WHAT YOU HAVE TO DO ▸
Each entry needs to be retyped exactly, with nothing added or dropped.
═══ DATASET ═══
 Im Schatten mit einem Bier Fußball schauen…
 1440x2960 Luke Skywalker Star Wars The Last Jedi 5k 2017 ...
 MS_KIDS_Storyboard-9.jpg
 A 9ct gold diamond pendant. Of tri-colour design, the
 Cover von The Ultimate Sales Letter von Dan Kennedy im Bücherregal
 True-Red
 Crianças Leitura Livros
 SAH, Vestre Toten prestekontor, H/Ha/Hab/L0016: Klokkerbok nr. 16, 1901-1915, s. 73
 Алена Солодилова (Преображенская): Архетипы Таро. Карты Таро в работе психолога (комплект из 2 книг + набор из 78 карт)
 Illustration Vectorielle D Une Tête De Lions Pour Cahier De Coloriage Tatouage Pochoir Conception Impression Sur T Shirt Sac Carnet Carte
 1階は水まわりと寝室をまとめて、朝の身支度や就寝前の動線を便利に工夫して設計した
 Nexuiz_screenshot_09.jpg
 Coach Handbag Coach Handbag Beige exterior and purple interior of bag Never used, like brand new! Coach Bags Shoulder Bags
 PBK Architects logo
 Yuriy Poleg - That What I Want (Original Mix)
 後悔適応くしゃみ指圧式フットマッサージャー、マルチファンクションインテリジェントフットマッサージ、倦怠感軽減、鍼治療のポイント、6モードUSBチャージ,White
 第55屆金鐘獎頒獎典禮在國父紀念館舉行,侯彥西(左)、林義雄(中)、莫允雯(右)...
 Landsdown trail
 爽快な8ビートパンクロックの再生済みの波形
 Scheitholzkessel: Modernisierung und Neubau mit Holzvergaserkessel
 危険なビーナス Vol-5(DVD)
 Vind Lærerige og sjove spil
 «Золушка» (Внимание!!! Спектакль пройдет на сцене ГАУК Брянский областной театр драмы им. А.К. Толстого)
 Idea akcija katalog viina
═══
OUTPUT OF THE TASK ▸
 Im Schatten mit einem Bier Fußball schauen…
 1440x2960 Luke Skywalker Star Wars The Last Jedi 5k 2017 ...
 MS_KIDS_Storyboard-9.jpg
 A 9ct gold diamond pendant. Of tri-colour design, the
 Cover von The Ultimate Sales Letter von Dan Kennedy im Bücherregal
 True-Red
 Crianças Leitura Livros
 SAH, Vestre Toten prestekontor, H/Ha/Hab/L0016: Klokkerbok nr. 16, 1901-1915, s. 73
 Алена Солодилова (Преображенская): Архетипы Таро. Карты Таро в работе психолога (комплект из 2 книг + набор из 78 карт)
 Illustration Vectorielle D Une Tête De Lions Pour Cahier De Coloriage Tatouage Pochoir Conception Impression Sur T Shirt Sac Carnet Carte
 1階は水まわりと寝室をまとめて、朝の身支度や就寝前の動線を便利に工夫して設計した
 Nexuiz_screenshot_09.jpg
 Coach Handbag Coach Handbag Beige exterior and purple interior of bag Never used, like brand new! Coach Bags Shoulder Bags
 PBK Architects logo
 Yuriy Poleg - That What I Want (Original Mix)
 後悔適応くしゃみ指圧式フットマッサージャー、マルチファンクションインテリジェントフットマッサージ、倦怠感軽減、鍼治療のポイント、6モードUSBチャージ,White
 第55屆金鐘獎頒獎典禮在國父紀念館舉行,侯彥西(左)、林義雄(中)、莫允雯(右)...
 Landsdown trail
 爽快な8ビートパンクロックの再生済みの波形
 Scheitholzkessel: Modernisierung und Neubau mit Holzvergaserkessel
 危険なビーナス Vol-5(DVD)
 Vind Lærerige og sjove spil
 «Золушка» (Внимание!!! Спектакль пройдет на сцене ГАУК Брянский областной театр драмы им. А.К. Толстого)
 Idea akcija katalog viina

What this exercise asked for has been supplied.